Véritables icones en Afrique, les Magic System signent un neuvième album
un brin différent des précédents. Si les titres entrainants et les
tubes potentiels sont toujours là, le groupe d'Abidjan lance également
un message à Laurent Gbagbo et Alassane Ouattara, les deux présidents
toujours en guerre mais refuse de prendre parti.
Votre dernier album remonte à 2008.
Pourquoi avoir tant tardé avant de sortir Touté Kalé ?
On voulait reculer pour mieux sauter et casser cette étiquette du Magic
System qui ne sort que l'été pour faire la fête. On reste un groupe
festif, mais il faut s'élargir. Avant, après l'été, on était au placard.
Maintenant, on veut que Magic System s'écoute partout et touche tout le
monde. On doit s'adapter à toutes les saisons.
N'apparaître que durant l'été vous dérangeait ?
C'était bien car on a duré comme ça pendant dix ans. Mais on veut autre
chose. On ne connaît pas grand-chose de nous. On est six musiciens et
pas qu'un groupe de dance-floor. Maintenant, on va mettre en valeur une
autre partie de nos atouts. Si vous écoutez tout l'album, il y a des
messages très forts à caractère social ou humanitaire. Aujourd'hui, ce
sont ces thèmes que nous abordons. Avant, c'était la fête avant tout.
Dans un des titres, « Ça va aller », il y a un message
pour les Ivoiriens…
C'est un message d'optimisme. Un message d'espoir. C'est vrai qu'on
traverse une période difficile en Côte d'Ivoire mais un jour, ça ira
mieux. On n'a pas fait dans la dentelle. Quand on s'unit, il n'y a rien
d'impossible. On parle de l'union, de la solidarité. Ça vise la Côte
d'Ivoire et tous les pays qui sont aussi divisés.
Le footballeur Didier Drogba a également pris la parole
au nom des Eléphants. Est-ce important que les milieux sportif et musical aient leur mot à dire ?
Ça peut servir. Ce n'est pas le moment pour nous d'être neutre. Nous
sommes des facteurs de rassemblement du peuple. Ce sont les seuls
métiers où il n'y a pas besoin d'appartenir à un parti politique pour
rassembler. C'est très important pour nous, en tant que leader
d'opinion, d'apporter notre contribution. Ça peut ne pas tomber dans
l'oreille des politiciens, mais dans l'oreille du peuple, peut-être.
Mais vous ne soutenez pas un cas en particulier ?
Non, on ne choisit pas de cas. Les politiciens ont appliqué l'adage : «
Pour mieux régner, il faut diviser ». Nous, on dit au peuple qu'il ne
faut pas se diviser. Ce sont des consignes. On leur demande de se
rassembler. S'ils le sont, toutes les manigances politiciennes ne
peuvent aboutir.
Avez-vous malgré tout un avis sur la situation actuelle ?
Avec les deux candidats, nous entretenons des relations étroites. Nous
avons été décorés deux fois par le président Gbagbo et on a été reçu aux
Etats-Unis par le président Ouattara lorsqu'il n'avait pas encore été
élu. Mais à un moment donné, nos intérêts personnels doivent-ils primer ?

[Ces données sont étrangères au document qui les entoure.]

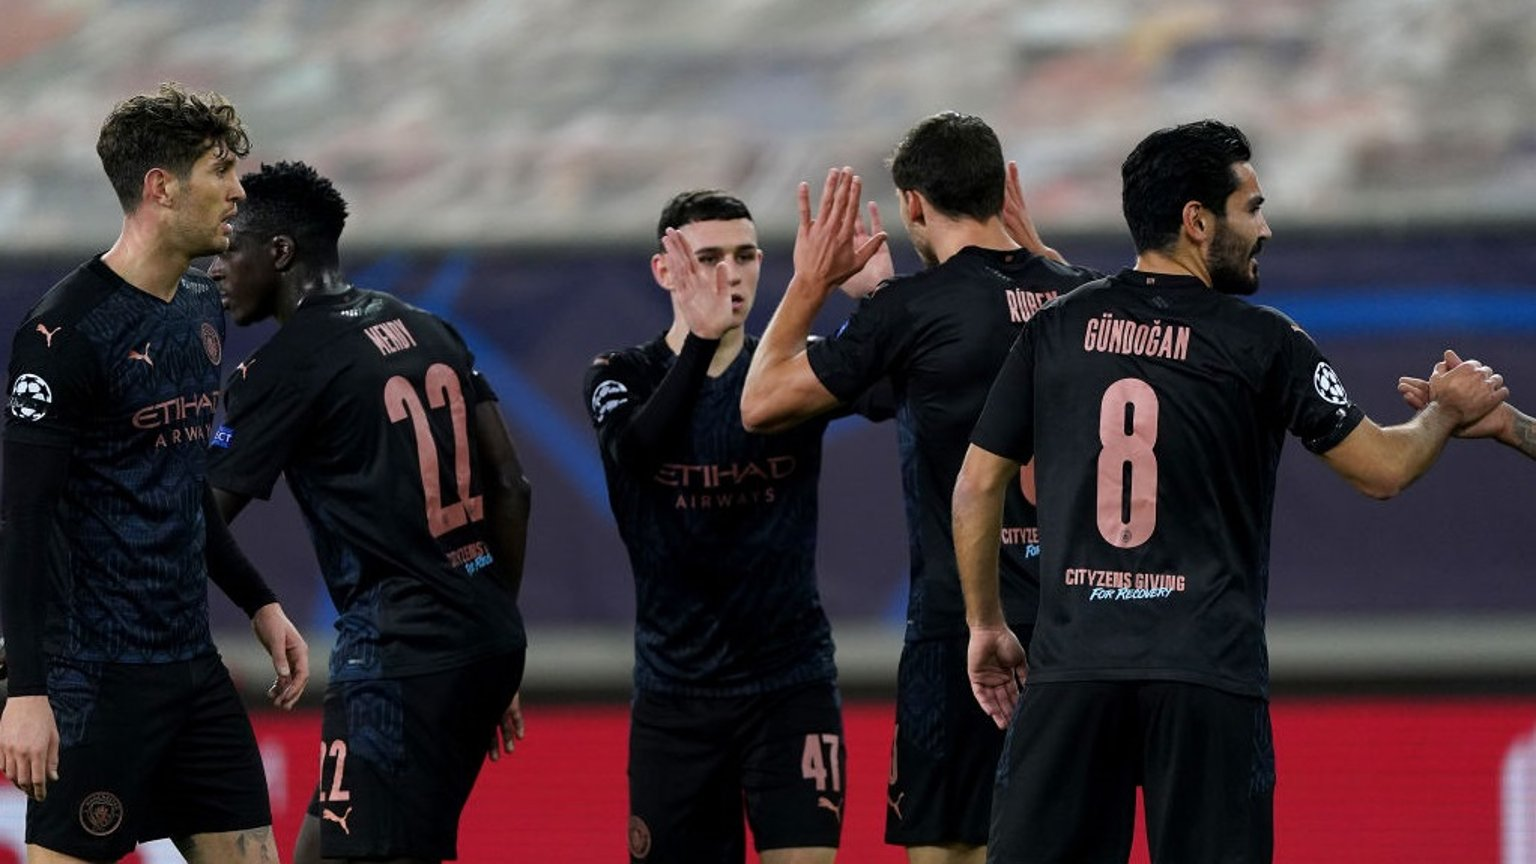 Com gol de Foden, City avança de fase na Liga dos Campeões
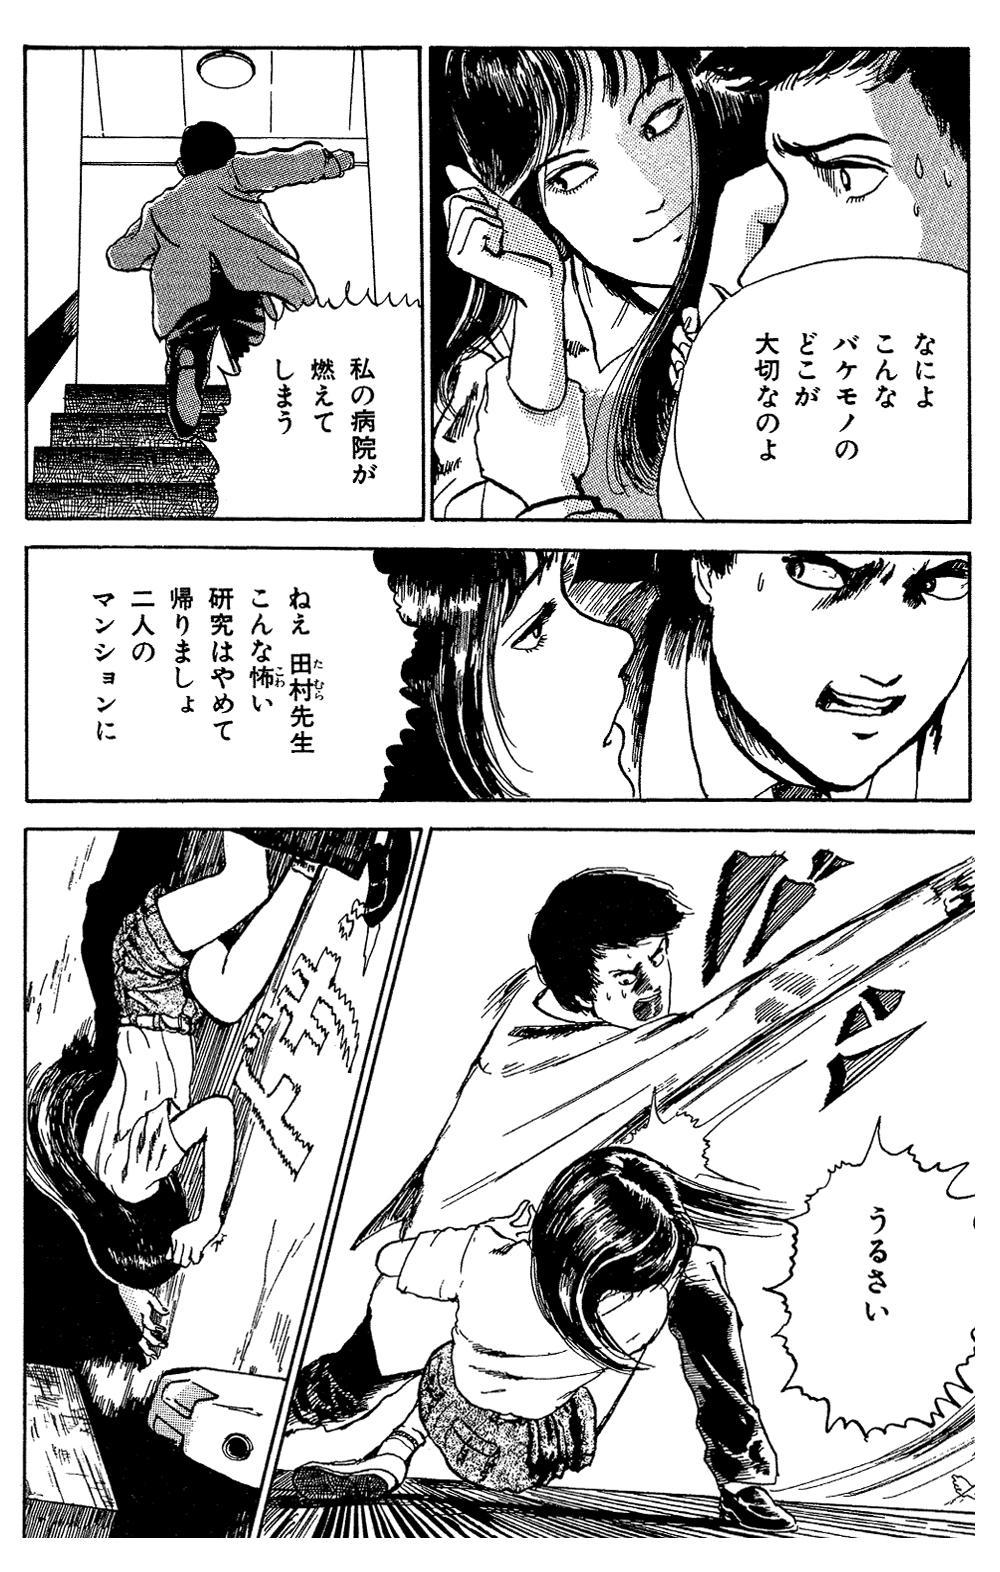 伊藤潤二傑作集 第3話「富江 地下室」④junji09-04.jpg

Ce sont avant tout ceux du peuple. La seule chose que l'on peut faire,
c'est de demander à ces deux personnes de mettre de côté leur orgueil et
de pouvoir œuvrer dans le bon sens pour sortir du tunnel. L'heure n'est
pas aux prises de position. Ce serait délicat de le faire. Choisir le
camp d'un, ce serait se braquer face aux partisans de l'autre. Pour que
notre message passe, il faut rester neutre.
Sur place, vous investissez-vous ?
On a construit une école primaire dans un quartier d'Abidjan. Nous
avons aussi réhabilité un hôpital et une pouponnière. C'est très
important. Lorsque l'on voit d'où est parti le groupe, il faut regarder
dans le rétroviseur. On a connu la galère. Si l'on construit une école,
c'est que l'on connaît le surnombre et les classes de soixante élèves.
On veut s'investir dans l'éducation et la santé. On ne va pas tout
éradiquer d'un coup, mais on peut aider.
Vous restez avant tout optimiste…
On veut transmettre surtout notre joie de vivre. Les gens qui n'ont pas
la pêche le matin, qui sont découragés, ils peuvent retrouver du
bonheur en nous écoutant. Ce n'est pas du marketing. Donner de la joie,
c'est plus important que de vendre des millions de disques. Quand toute
la journée tu entends Sarko, Le Pen, des détournements de fonds, des
explosions, écouter Magic System, ça détend.
Propos recueillis par Romain Schué (Agence de presse GHM)
Magic System, Touté Kalé, sortie le 4 avril chez EMI.